Cllr Rajawat added, “It’s an imperfect system, which in my view, is designed to fail, it is absolutely designed to fail.”

“There doesn’t seem to be a willingness to correct the process and there doesn’t seem to be a willingness to allow local authorities into the system.”

A Home Office spokesperson said, “Despite the number of people arriving in the UK reaching record levels, we continue to provide accommodation for asylum seekers who would otherwise be destitute.

“We engage regularly with local authorities and provide them with funding through various grants to help them house asylum seekers.”

The Home Office added that any concerns raised with third-party providers are addressed and resolved quickly.

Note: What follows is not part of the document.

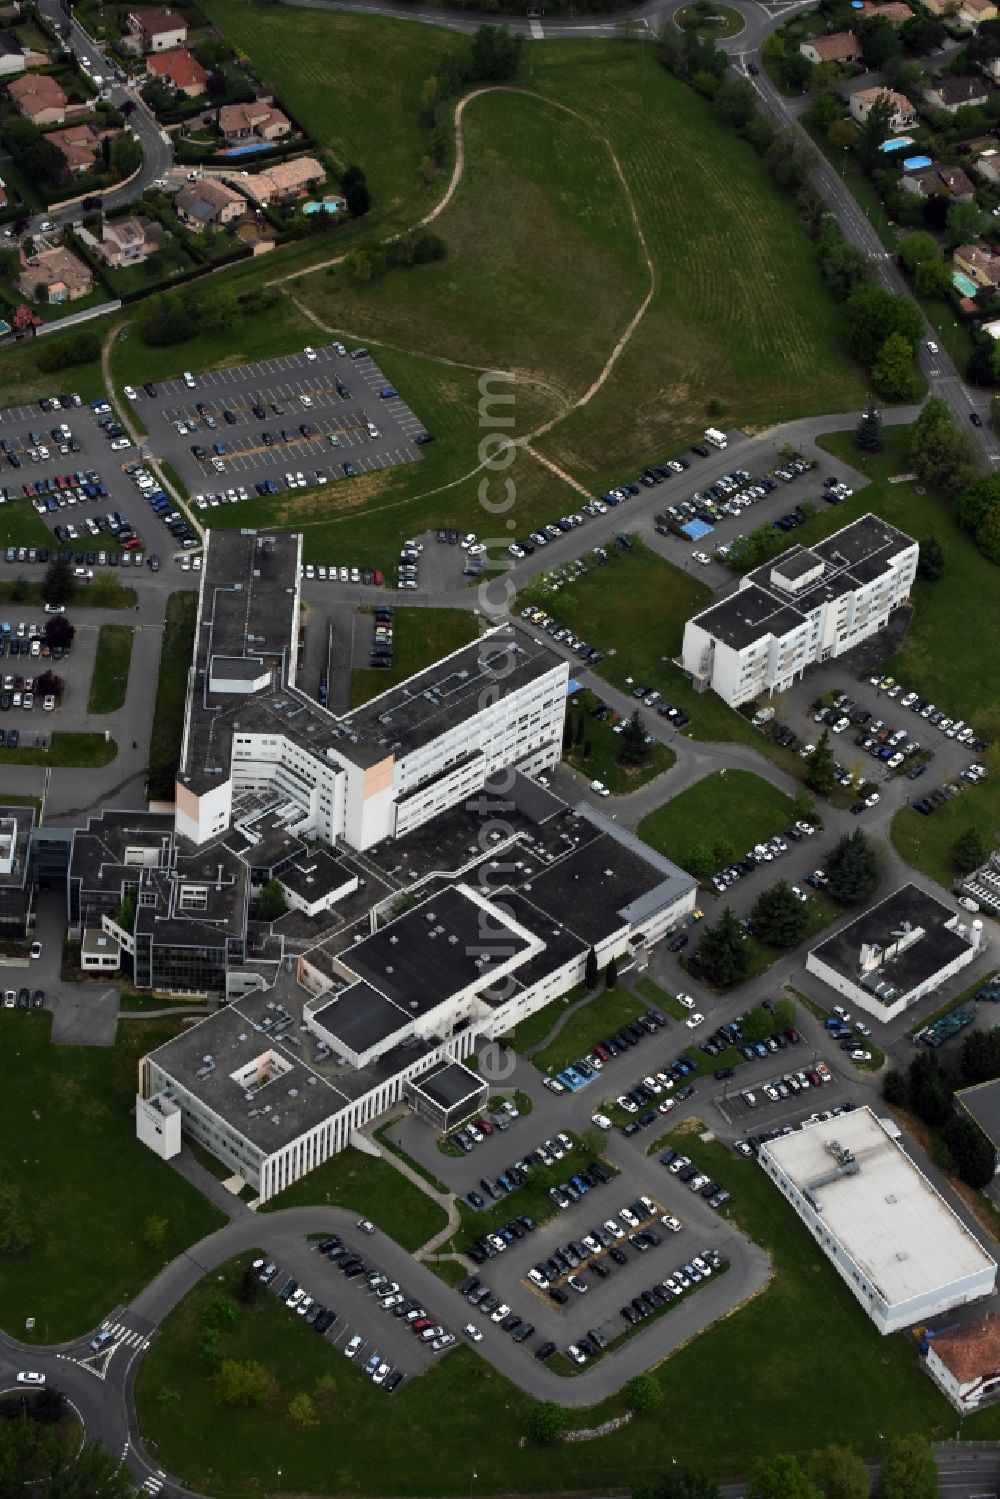 Aerial image Saint-Jean - Clinic of the hospital grounds Centre Chirurgie Main - Clinique de l'Union on Boulevard Ratalens in Saint-Jean in Languedoc-Roussillon Midi-Pyrenees, France

The Home Office says it expects the highest standards from its accommodation providers which it speaks to daily.

It admits that age assessments are challenging and there is no single age assessment method which can determine an individual’s age with precision. Many of those arriving in the UK who claim to be children, often don’t have clear evidence like an original passport or identity document to back this up.

In the absence of valid documentary evidence, Home Office officials will treat a claimant as an adult if their physical appearance and demeanour very strongly suggest that they are significantly over 18 years of age, in-line with the Home Office’s published age assessment policy.